**PROVIDED INFORMATION**
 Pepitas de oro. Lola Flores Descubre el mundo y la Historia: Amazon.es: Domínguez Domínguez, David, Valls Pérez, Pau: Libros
==
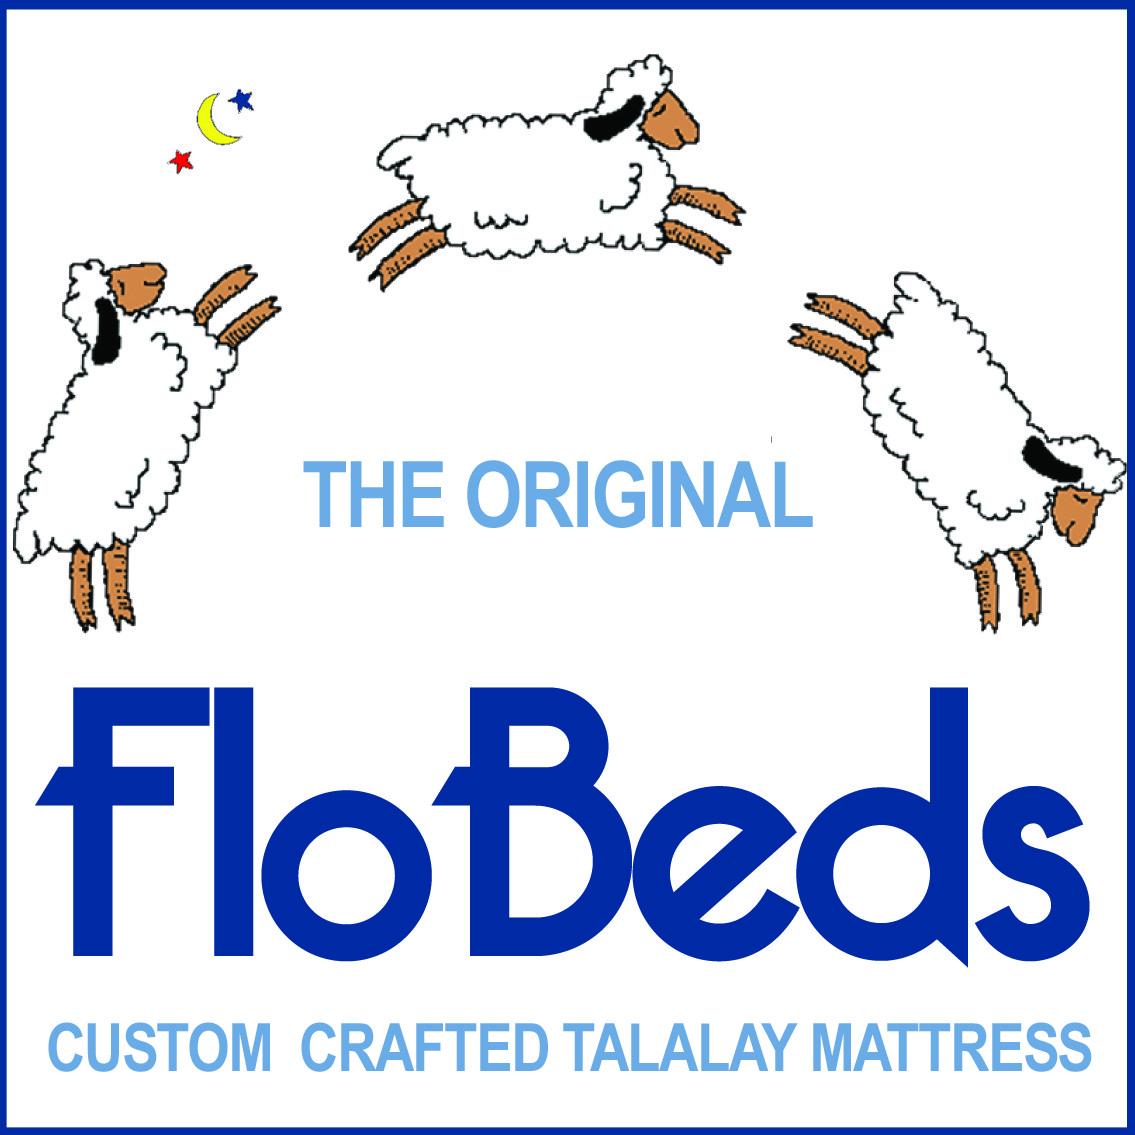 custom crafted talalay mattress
* * *
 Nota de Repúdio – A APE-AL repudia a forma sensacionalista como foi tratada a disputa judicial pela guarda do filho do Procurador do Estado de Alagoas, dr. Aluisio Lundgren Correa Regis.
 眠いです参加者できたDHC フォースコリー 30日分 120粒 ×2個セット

**PROBLEM DETAILS**
Give back, word for word, only the lines above from the line holding "Nota de Repúdio" to the line holding "眠いです参加者できたDHC フォースコリー 30日分 120粒 ×2個セット", both included.

**WRITTEN ANSWER**
 Nota de Repúdio – A APE-AL repudia a forma sensacionalista como foi tratada a disputa judicial pela guarda do filho do Procurador do Estado de Alagoas, dr. Aluisio Lundgren Correa Regis.
 眠いです参加者できたDHC フォースコリー 30日分 120粒 ×2個セット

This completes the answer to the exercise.